## Instructions to follow
Can the data below be echoed back word for word?

## Data for this exercise
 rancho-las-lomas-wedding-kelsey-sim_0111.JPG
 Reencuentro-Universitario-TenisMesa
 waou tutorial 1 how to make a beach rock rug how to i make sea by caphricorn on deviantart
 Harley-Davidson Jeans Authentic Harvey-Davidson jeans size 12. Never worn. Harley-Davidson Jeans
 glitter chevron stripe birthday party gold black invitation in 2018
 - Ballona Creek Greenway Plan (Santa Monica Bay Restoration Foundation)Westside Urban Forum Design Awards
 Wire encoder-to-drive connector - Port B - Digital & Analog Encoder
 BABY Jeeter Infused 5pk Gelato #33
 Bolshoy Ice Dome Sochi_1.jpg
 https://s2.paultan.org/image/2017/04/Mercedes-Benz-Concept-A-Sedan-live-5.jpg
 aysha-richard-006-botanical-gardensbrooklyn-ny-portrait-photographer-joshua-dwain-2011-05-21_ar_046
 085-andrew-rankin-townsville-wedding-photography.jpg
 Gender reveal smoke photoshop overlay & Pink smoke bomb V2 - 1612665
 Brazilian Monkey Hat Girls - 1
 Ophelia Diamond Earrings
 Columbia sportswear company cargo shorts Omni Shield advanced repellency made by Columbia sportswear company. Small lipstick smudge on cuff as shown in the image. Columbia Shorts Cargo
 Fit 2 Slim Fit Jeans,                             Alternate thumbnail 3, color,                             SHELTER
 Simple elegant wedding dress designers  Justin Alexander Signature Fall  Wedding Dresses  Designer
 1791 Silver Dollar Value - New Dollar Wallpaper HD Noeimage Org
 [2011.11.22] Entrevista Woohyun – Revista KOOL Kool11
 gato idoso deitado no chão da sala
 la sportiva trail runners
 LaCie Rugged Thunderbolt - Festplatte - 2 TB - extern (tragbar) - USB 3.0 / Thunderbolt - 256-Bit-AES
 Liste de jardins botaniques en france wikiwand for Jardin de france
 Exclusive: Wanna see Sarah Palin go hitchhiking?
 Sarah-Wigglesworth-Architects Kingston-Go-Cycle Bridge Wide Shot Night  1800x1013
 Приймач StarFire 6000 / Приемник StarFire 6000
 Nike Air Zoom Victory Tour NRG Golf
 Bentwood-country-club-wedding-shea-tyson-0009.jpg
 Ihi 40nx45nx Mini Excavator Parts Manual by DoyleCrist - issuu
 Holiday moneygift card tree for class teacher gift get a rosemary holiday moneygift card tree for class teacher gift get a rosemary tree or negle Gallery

## Answer section
 rancho-las-lomas-wedding-kelsey-sim_0111.JPG
 Reencuentro-Universitario-TenisMesa
 waou tutorial 1 how to make a beach rock rug how to i make sea by caphricorn on deviantart
 Harley-Davidson Jeans Authentic Harvey-Davidson jeans size 12. Never worn. Harley-Davidson Jeans
 glitter chevron stripe birthday party gold black invitation in 2018
 - Ballona Creek Greenway Plan (Santa Monica Bay Restoration Foundation)Westside Urban Forum Design Awards
 Wire encoder-to-drive connector - Port B - Digital & Analog Encoder
 BABY Jeeter Infused 5pk Gelato #33
 Bolshoy Ice Dome Sochi_1.jpg
 https://s2.paultan.org/image/2017/04/Mercedes-Benz-Concept-A-Sedan-live-5.jpg
 aysha-richard-006-botanical-gardensbrooklyn-ny-portrait-photographer-joshua-dwain-2011-05-21_ar_046
 085-andrew-rankin-townsville-wedding-photography.jpg
 Gender reveal smoke photoshop overlay & Pink smoke bomb V2 - 1612665
 Brazilian Monkey Hat Girls - 1
 Ophelia Diamond Earrings
 Columbia sportswear company cargo shorts Omni Shield advanced repellency made by Columbia sportswear company. Small lipstick smudge on cuff as shown in the image. Columbia Shorts Cargo
 Fit 2 Slim Fit Jeans,                             Alternate thumbnail 3, color,                             SHELTER
 Simple elegant wedding dress designers  Justin Alexander Signature Fall  Wedding Dresses  Designer
 1791 Silver Dollar Value - New Dollar Wallpaper HD Noeimage Org
 [2011.11.22] Entrevista Woohyun – Revista KOOL Kool11
 gato idoso deitado no chão da sala
 la sportiva trail runners
 LaCie Rugged Thunderbolt - Festplatte - 2 TB - extern (tragbar) - USB 3.0 / Thunderbolt - 256-Bit-AES
 Liste de jardins botaniques en france wikiwand for Jardin de france
 Exclusive: Wanna see Sarah Palin go hitchhiking?
 Sarah-Wigglesworth-Architects Kingston-Go-Cycle Bridge Wide Shot Night  1800x1013
 Приймач StarFire 6000 / Приемник StarFire 6000
 Nike Air Zoom Victory Tour NRG Golf
 Bentwood-country-club-wedding-shea-tyson-0009.jpg
 Ihi 40nx45nx Mini Excavator Parts Manual by DoyleCrist - issuu
 Holiday moneygift card tree for class teacher gift get a rosemary holiday moneygift card tree for class teacher gift get a rosemary tree or negle Gallery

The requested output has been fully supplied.